== WHAT YOU NEED TO DO ==
Please set down, unchanged, each line from the one with "A virgin and" to the final line of the data below, both included. Drop the pictures.

== GIVEN DATA ==
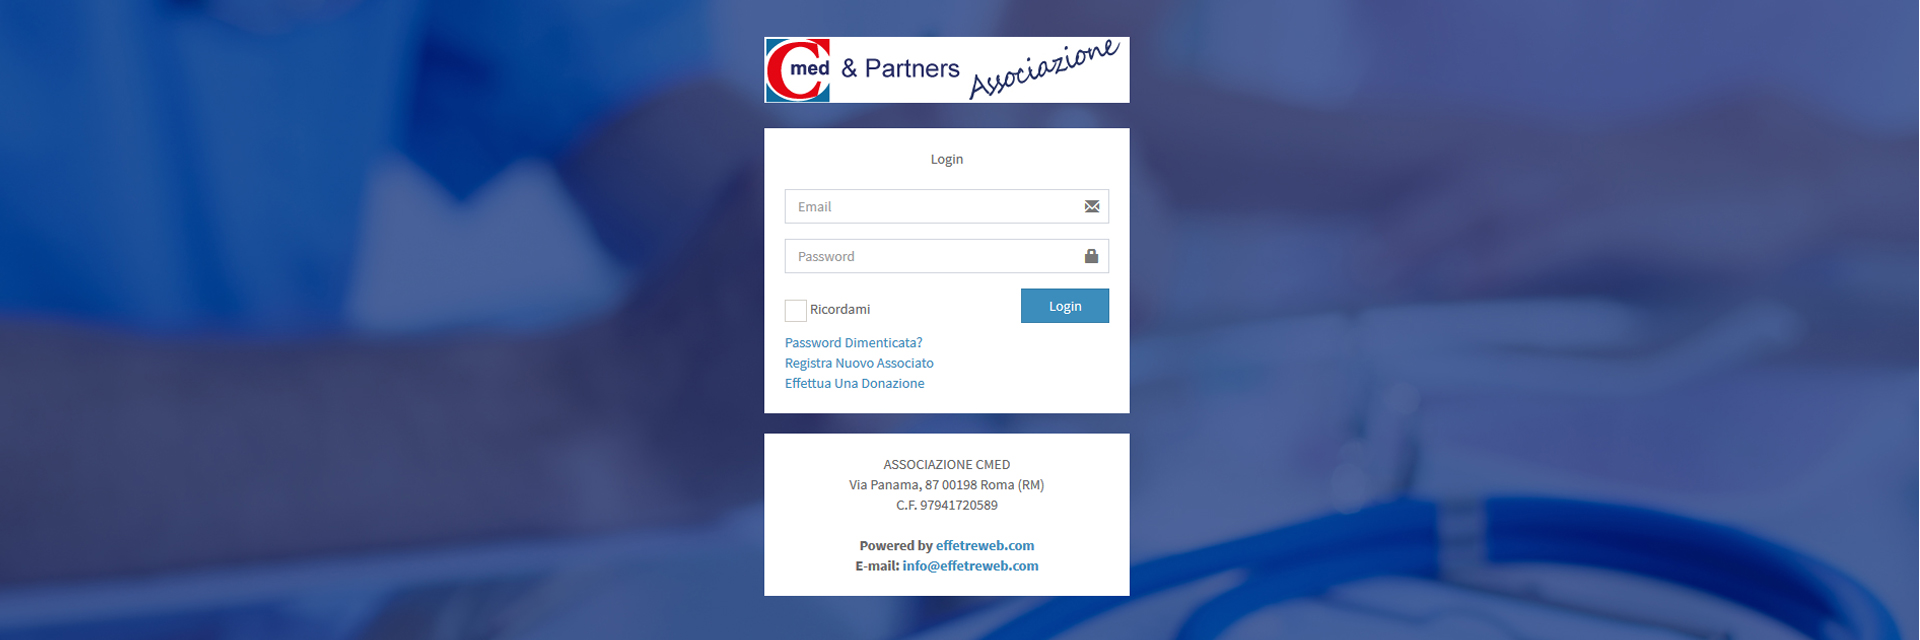 CMed and Partners (web)
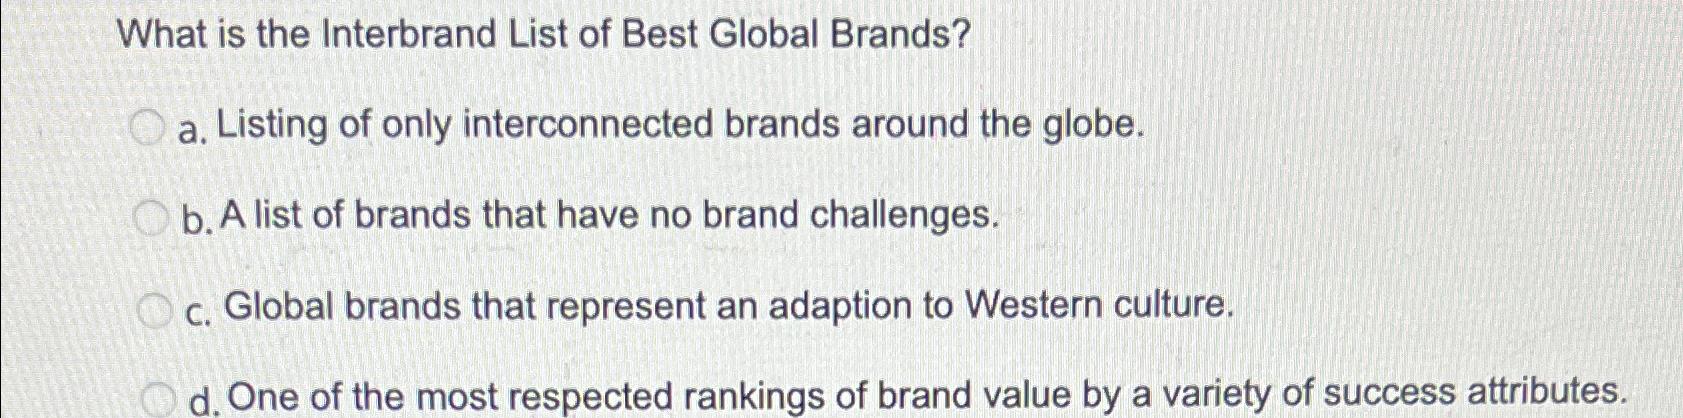 What is the Interbrand List of Best Global Brands? Oa. Listing of only interconnected brands around the
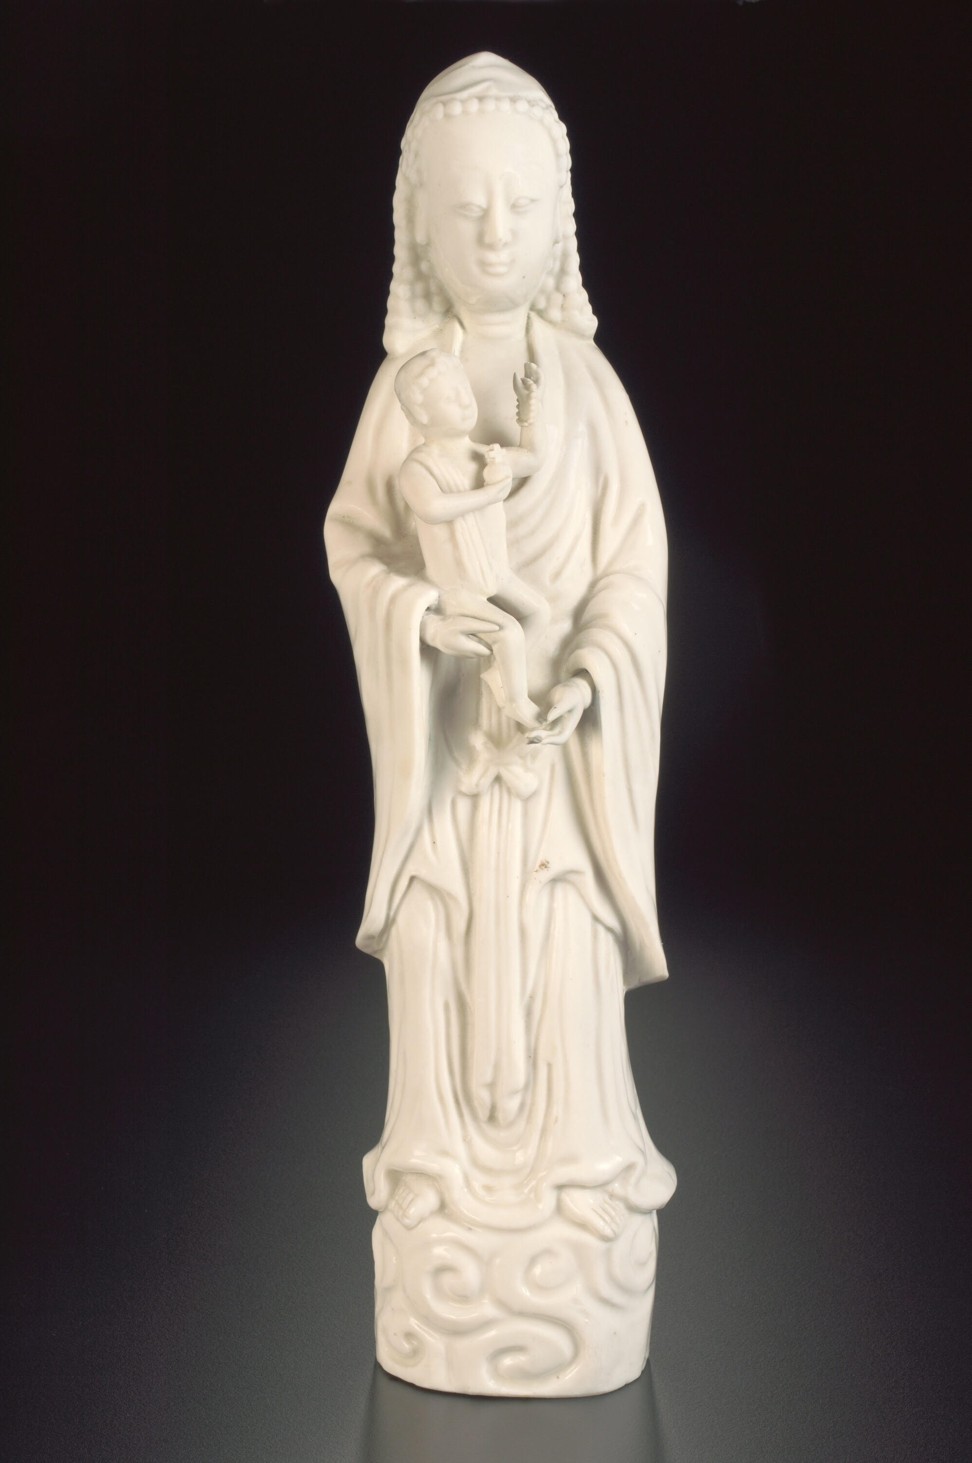 A virgin and child in porcelain with ivory glaze produced in China during the Kangxi period of the Qing dynasty (1662-1722). Photo: Courtesy of the Asian Civilisations Museum, National Heritage Board, Singapore.
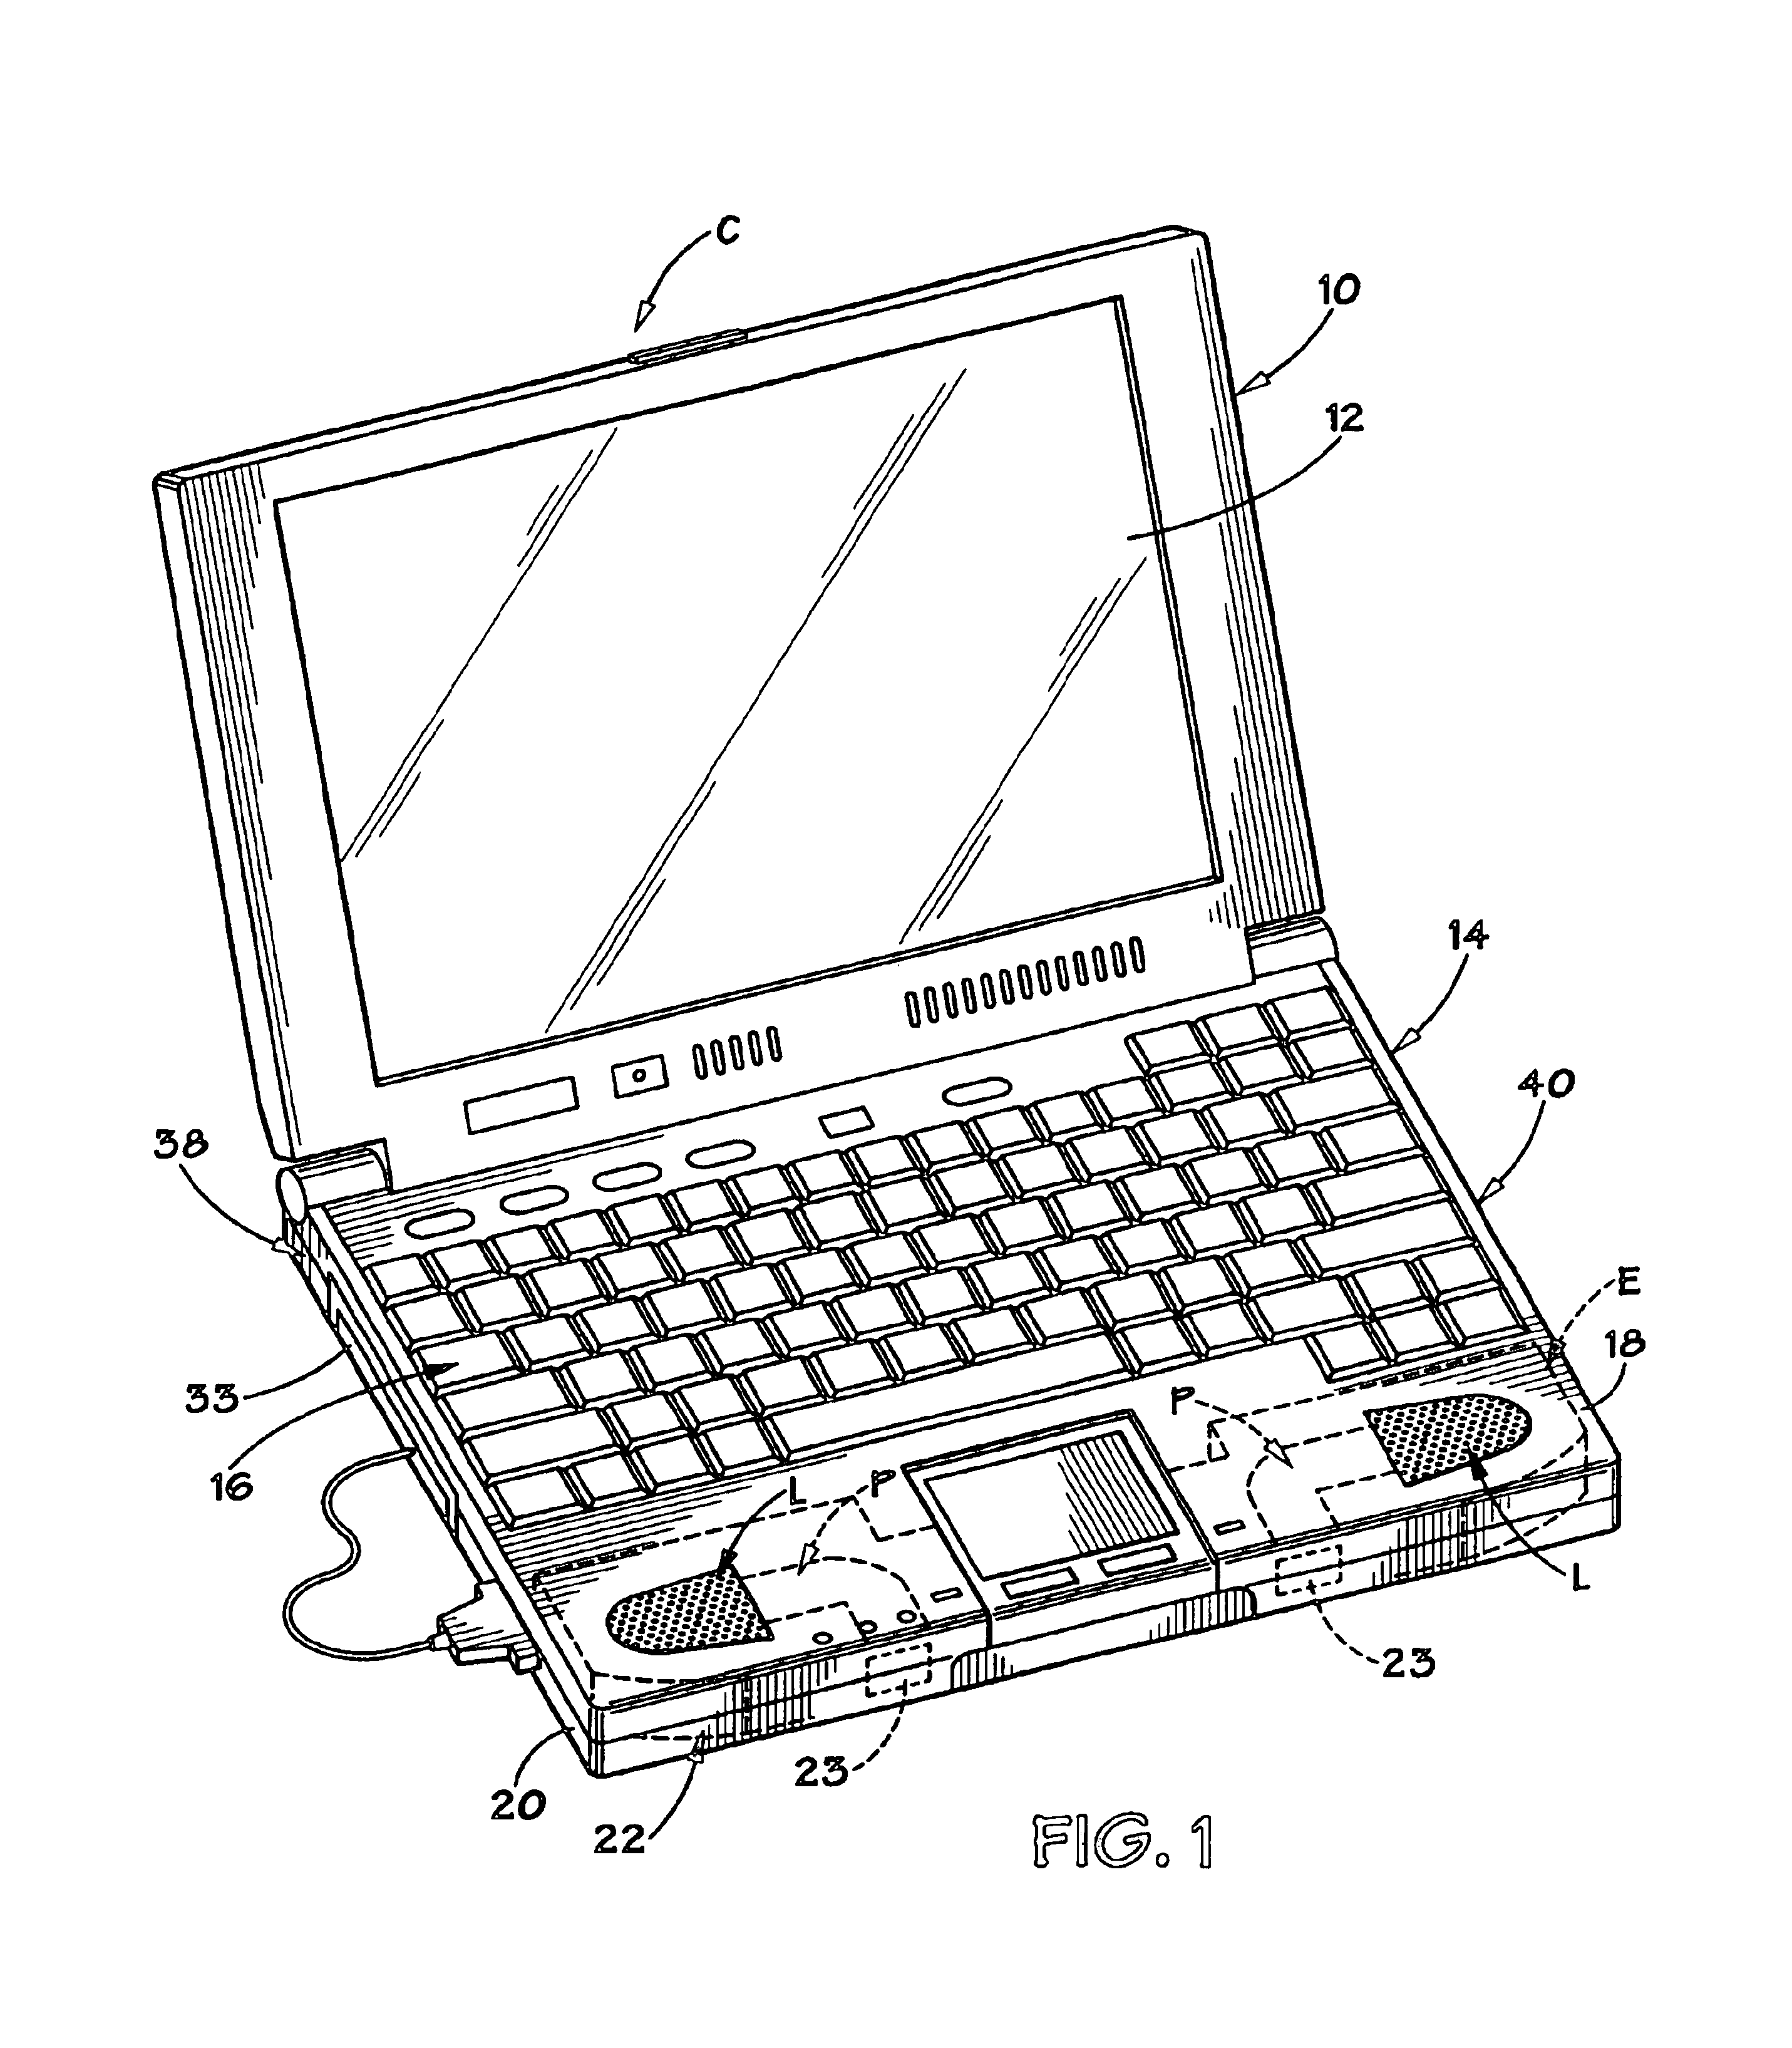 Ported speaker enclosure of a portable computer

== EXPECTED ANSWER ==
 A virgin and child in porcelain with ivory glaze produced in China during the Kangxi period of the Qing dynasty (1662-1722). Photo: Courtesy of the Asian Civilisations Museum, National Heritage Board, Singapore.
 Ported speaker enclosure of a portable computer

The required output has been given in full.